- Title Card
- Episode no.: Episode 16
- Directed by: Alonso Ramirez Ramos; Supervising: Kat Morris; Art: Liz Artinian;
- Written by: Lamar Abrams; Miki Brewster;
- Original air date: March 20, 2020

Guest appearance
- Kimberly Brooks as Jasper

Episode chronology
| ← Previous "Mr. Universe" | Next → "Homeworld Bound" |

= Fragments (Steven Universe Future) =

"Fragments" is the 16th episode of the American animated limited series Steven Universe Future, which serves as an epilogue to the 2013–19 television series Steven Universe. It originally aired on Cartoon Network on March 20, 2020. It was directed by Kat Morris, Alonso Ramirez Ramos and Liz Artinian and written and storyboarded by Lamar Abrams and Miki Brewster.

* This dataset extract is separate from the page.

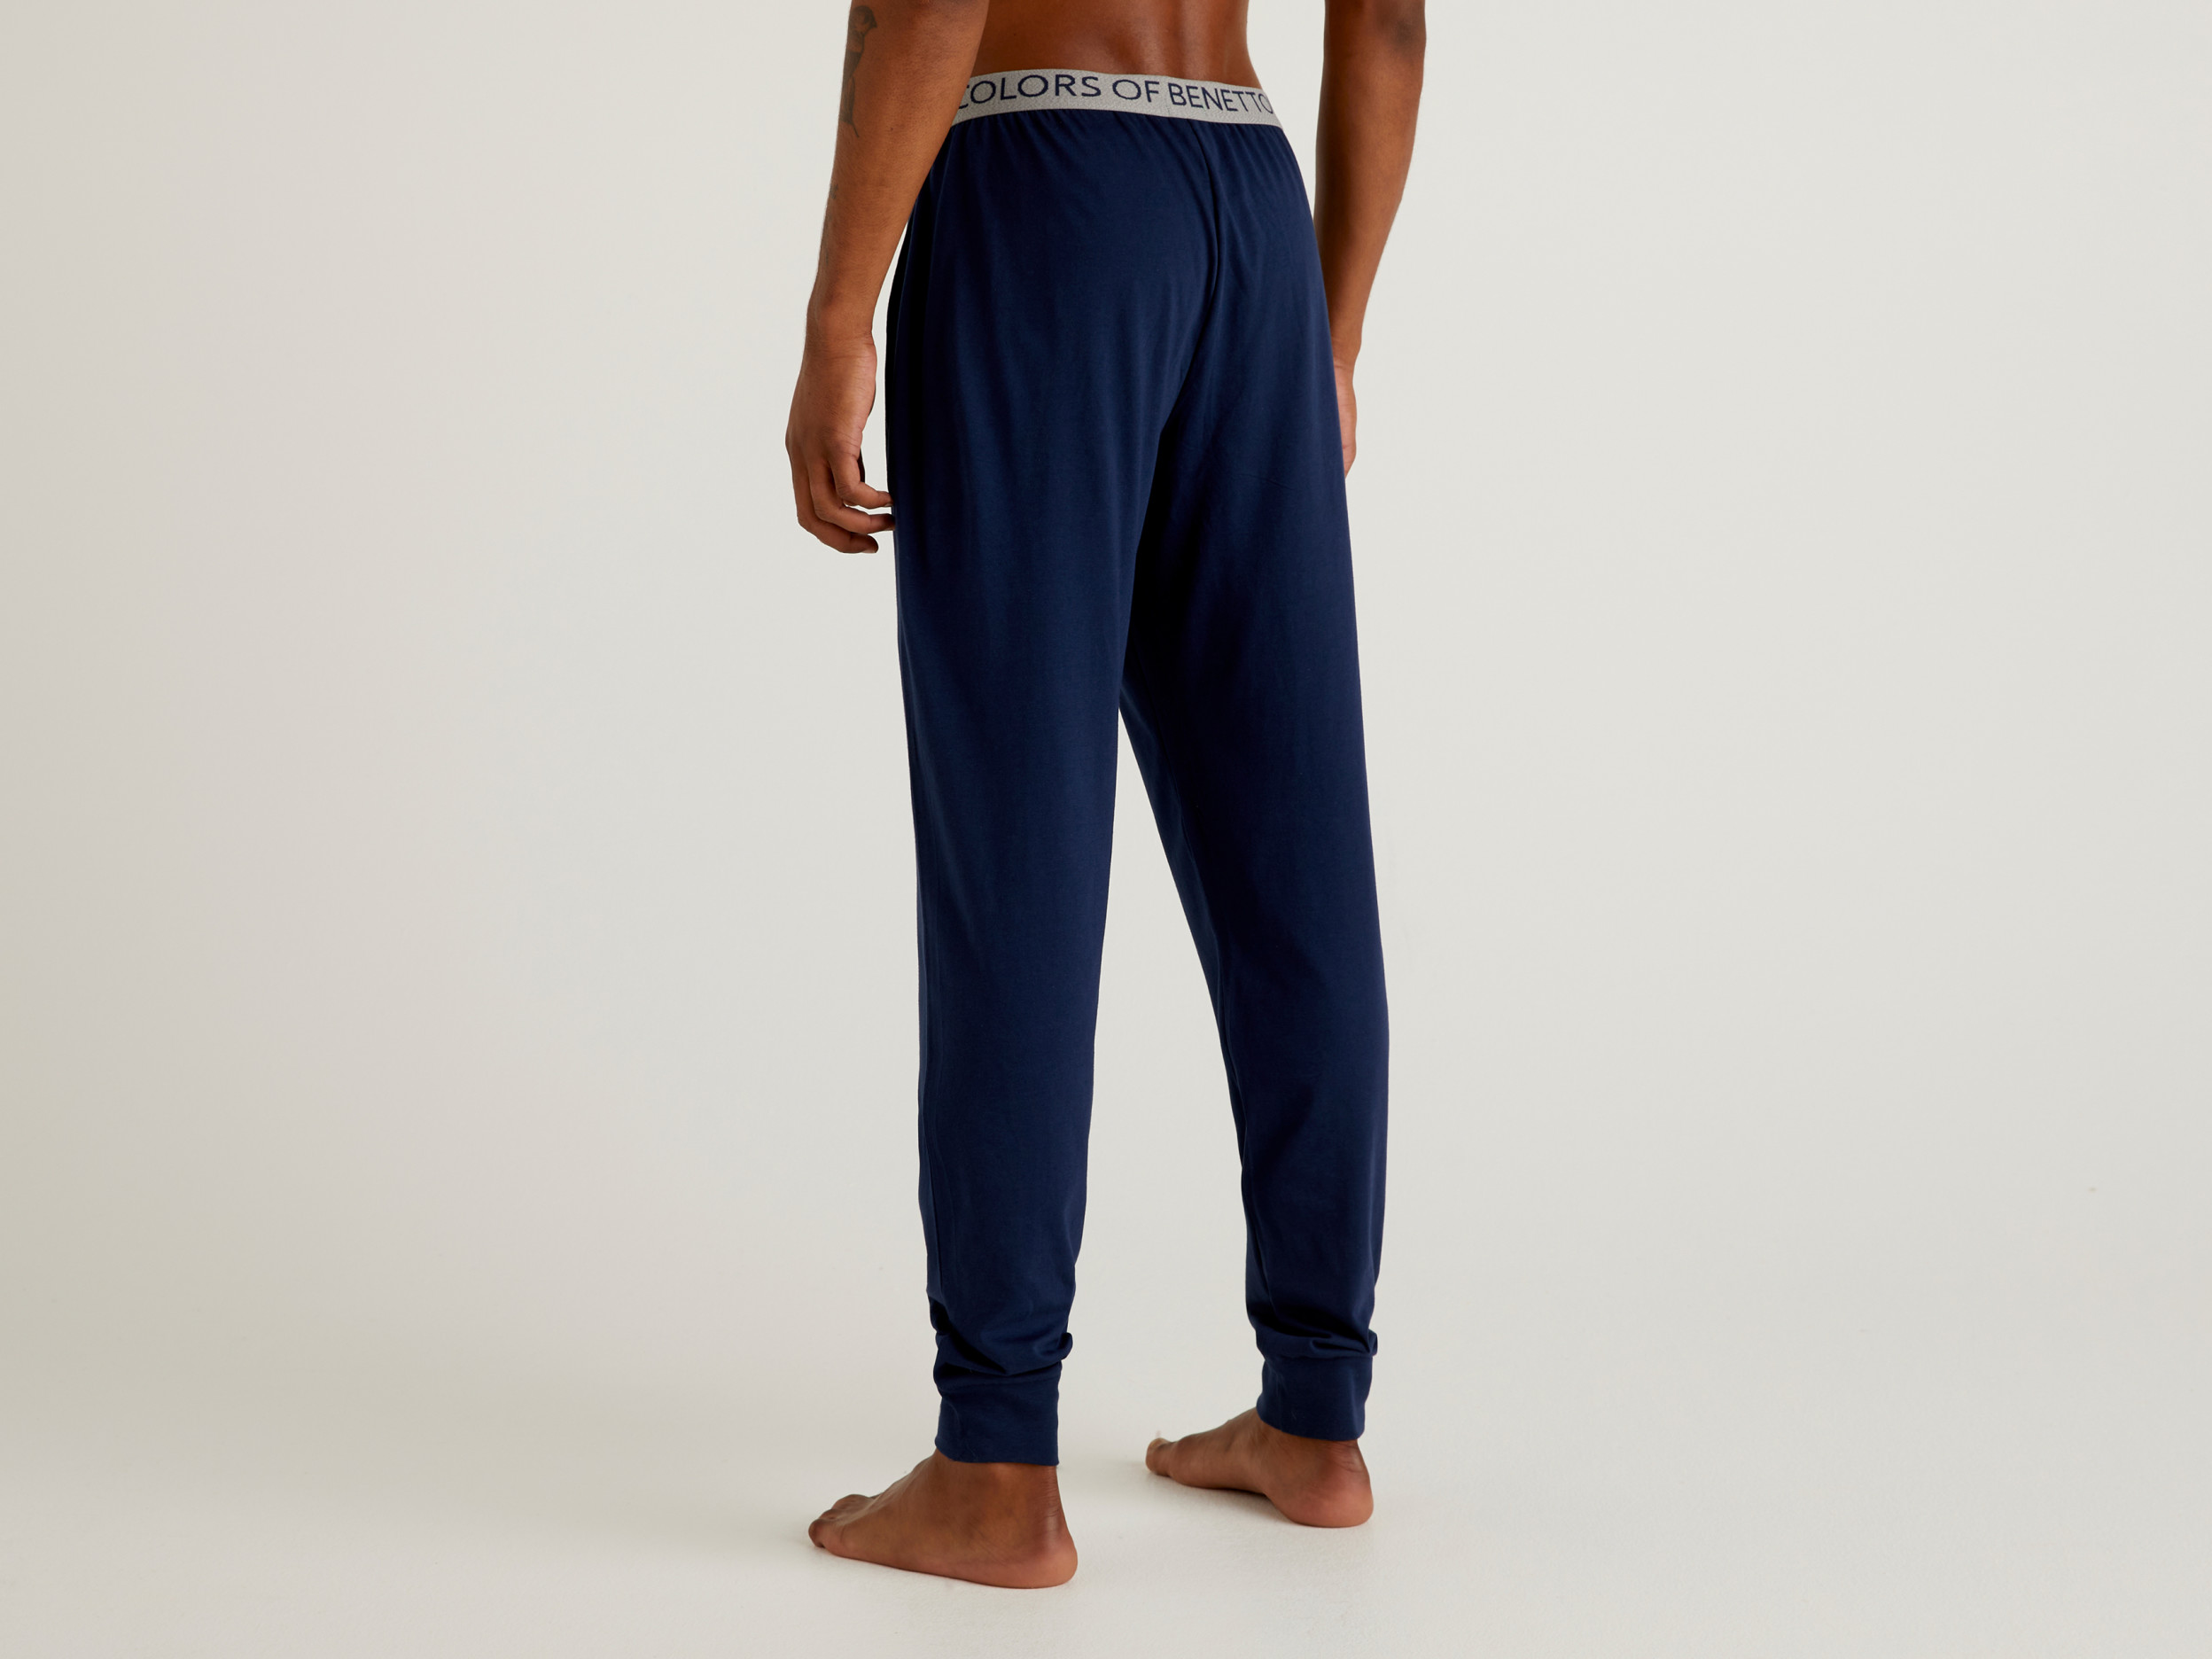 Benetton, Trousers In Organic Cotton, Taglia L, Dark Blue, Men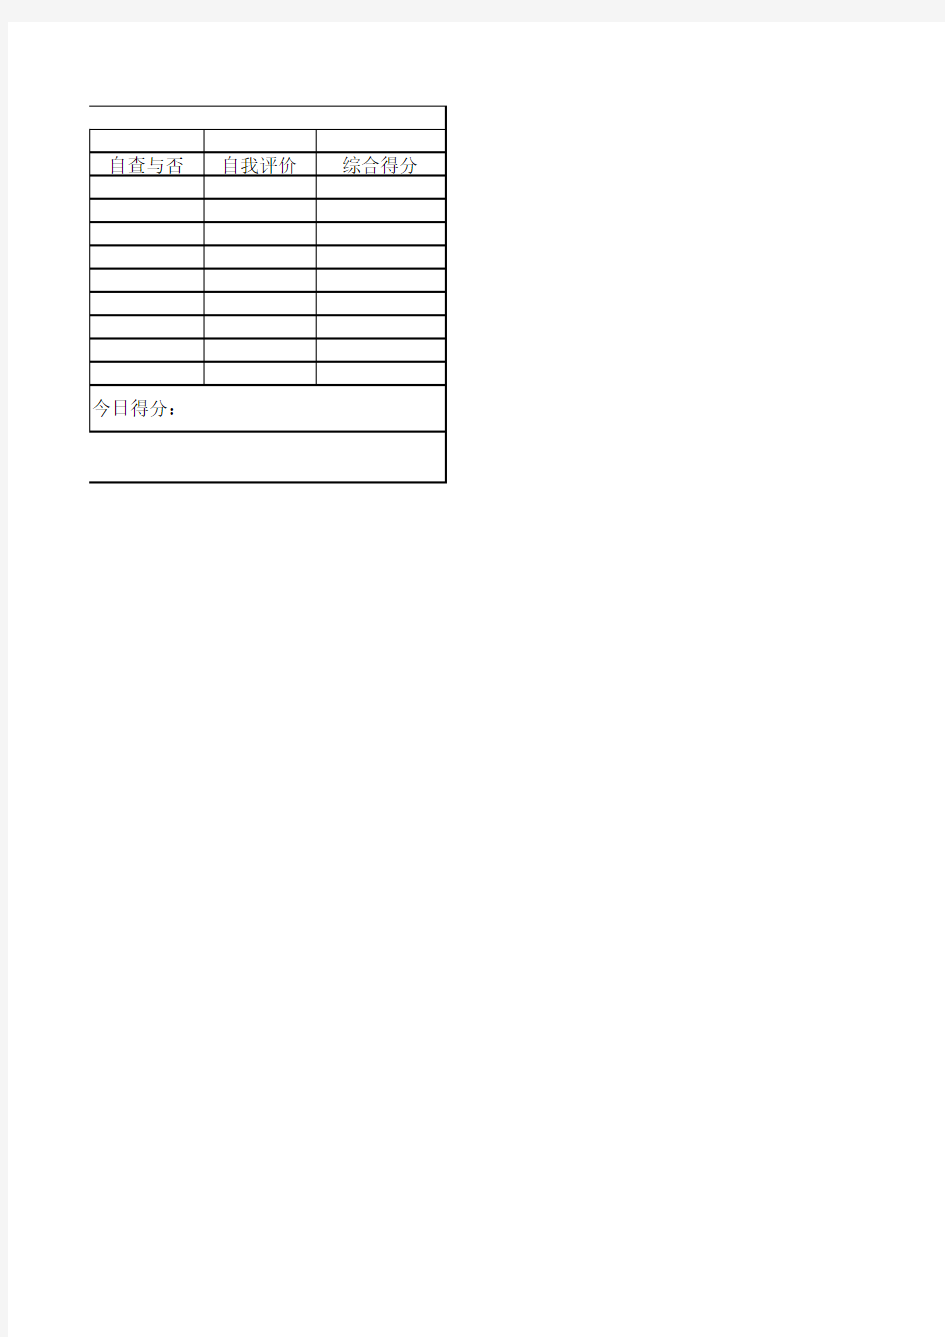 作业登记表(学生版)

The episode was nominated for an Emmy Award for Outstanding Short-Form Animation.

In this episode, Steven flees the Gems to be trained by Jasper in an attempt to hone his anger and aggression.

==Plot==
As the episode begins, Steven (Zach Callison) is being lectured by Pearl (Deedee Magno Hall) after crashing Greg's van at the end of the previous episode as she, Garnet (Estelle), and Amethyst (Michaela Dietz) try to get him to talk to them about his problems. In an ensuing outburst, he accidentally slows down time, during which he takes the opportunity to flee.

He goes to Jasper's (Kimberly Brooks) campsite, where, after a talk, she pushes him to embrace his anger. After hesitation, Steven fights back, and she begins training him rigorously to fight well by honing his anger and aggression.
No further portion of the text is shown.